My first visit to the USA was in the 1960’s. At art school in Glasgow I had been influenced by the abstract expressionists and was excited to see their work and meet some of them in person. In the course of travelling around the USA I began to realise that the abstract concerns in my work were no longer sufficient to express how I felt about making paintings. When I returned to the UK I wanted to work in a way that incorporated more personal concerns.
Autobiographical paintings emerged, drawn from my own experiences, and this change drew me to figuration and representation. Prior to attending Glasgow school of Art I worked, in the late 1950’s, as a salesman in a Glasgow Gentleman’s outfitters. In the 1970’s I began reflect on and to make paintings about that earlier period in my life. The anger and confusion of the young salesman is expressed in a series of pictures made from the distance of twenty years. Political comment is mingled with personal experience in the ‘Salesman’ pictures.
See James Hamilton’s 1982 catalogue essay under essays/reviews section for critical aspects about this work. , and video ‘Nature Lessons’
As I moved on from the personal narrative concerns of this earlier autobiographical phase the work became more emblematic and opened up to involve the natural world. . The relationships between people ,animals, and places are just slightly off centre. Hierarchical elements came into play , giving a metaphorical and allegorical slant to these works.
See catalogue essay ‘No Hard Feelings’ by Sarah Kent Third Eye centre Glasgow 1985 and catalogue essay ‘Nothing Natural’ Philip Dodd 1992
Photography and found objects has played an important role in gathering material for later paintings. I made a series of paintings based on my own black and white photographic prints, inventing the colour from memory, allowing the place and atmosphere to suggest traces of the people who had once populated the spaces. This resulted in a group of works called ‘Empty Quarter’ 2002 .
See David Brittain’s catalogue essay ‘Glasgow Boy on the Beach’ for more comments.
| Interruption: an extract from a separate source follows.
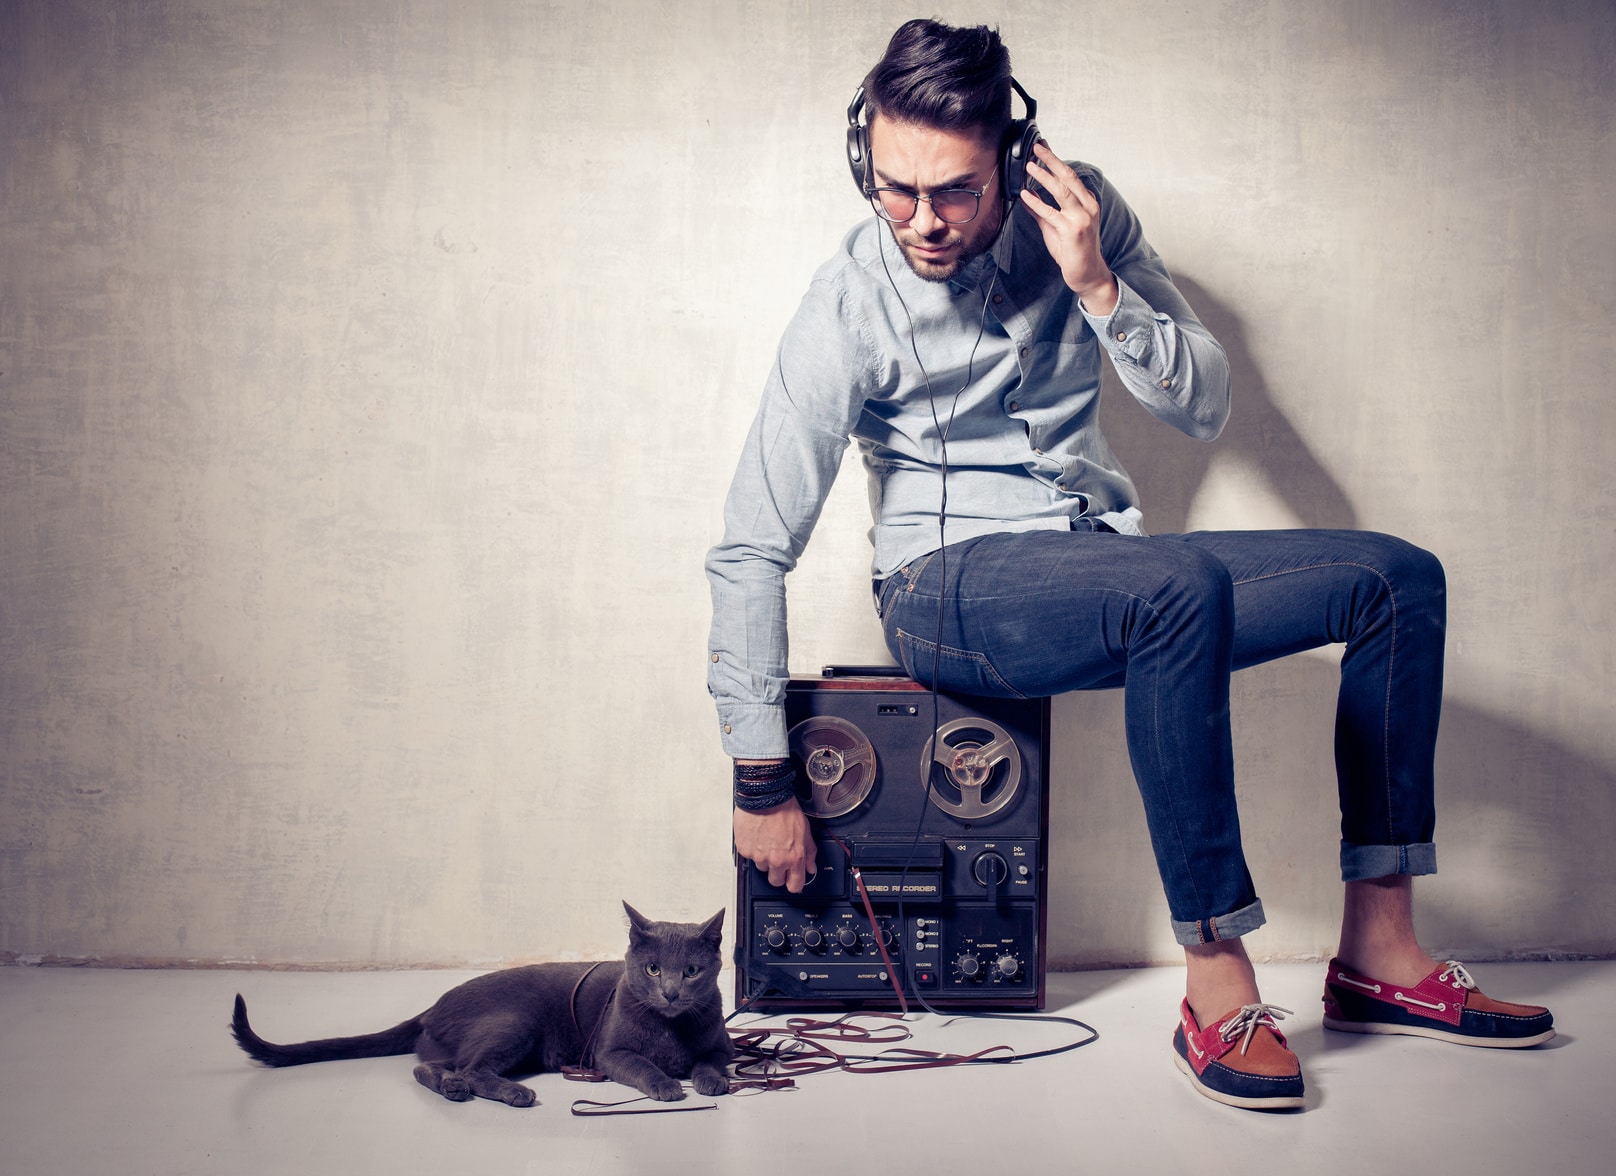 handsome man and cat listening to music on a magnetophone against grunge wall

In recent years my work has been influenced, by 50’s black and white films – in particular ‘film noir’. This change came about when I was working on the LA paintings, and I noticed that the backgrounds to the paintings were becoming more significant ,and paralleled background shots from films of this period. I now shoot stills from some of these films and adapt them for paintings.
Returning to Los Angeles regularly, over the years between 1995 – 2008 I was excited by the place and inspired to shoot photographs, from which I based many paintings. These paintings were made in my studio at home in the UK. Therefore the colour and atmosphere were partly invented or conjured from memory. This results in a deliberate out of kilter sensation as the memories, distort colour and form and at times evoke another country. This is the feeling that I wanted to convey through my paintings about a unique, exciting and at times alienating, part of the world .
A natural consequence of these LA paintings was to look around me nearer home for subject matter for paintings. I became aware of the ever changing nature of the River Thames and to make paintings based on photographs taken from boat journeys along that river. Observing the transformation that was taking place , as old warehouses were being turned into luxury flats, my paintings draw out the powerful contrast between the flow of the river and the buildings that frame it.
This project is still in progress and I am continuing to work on the paintings in this series.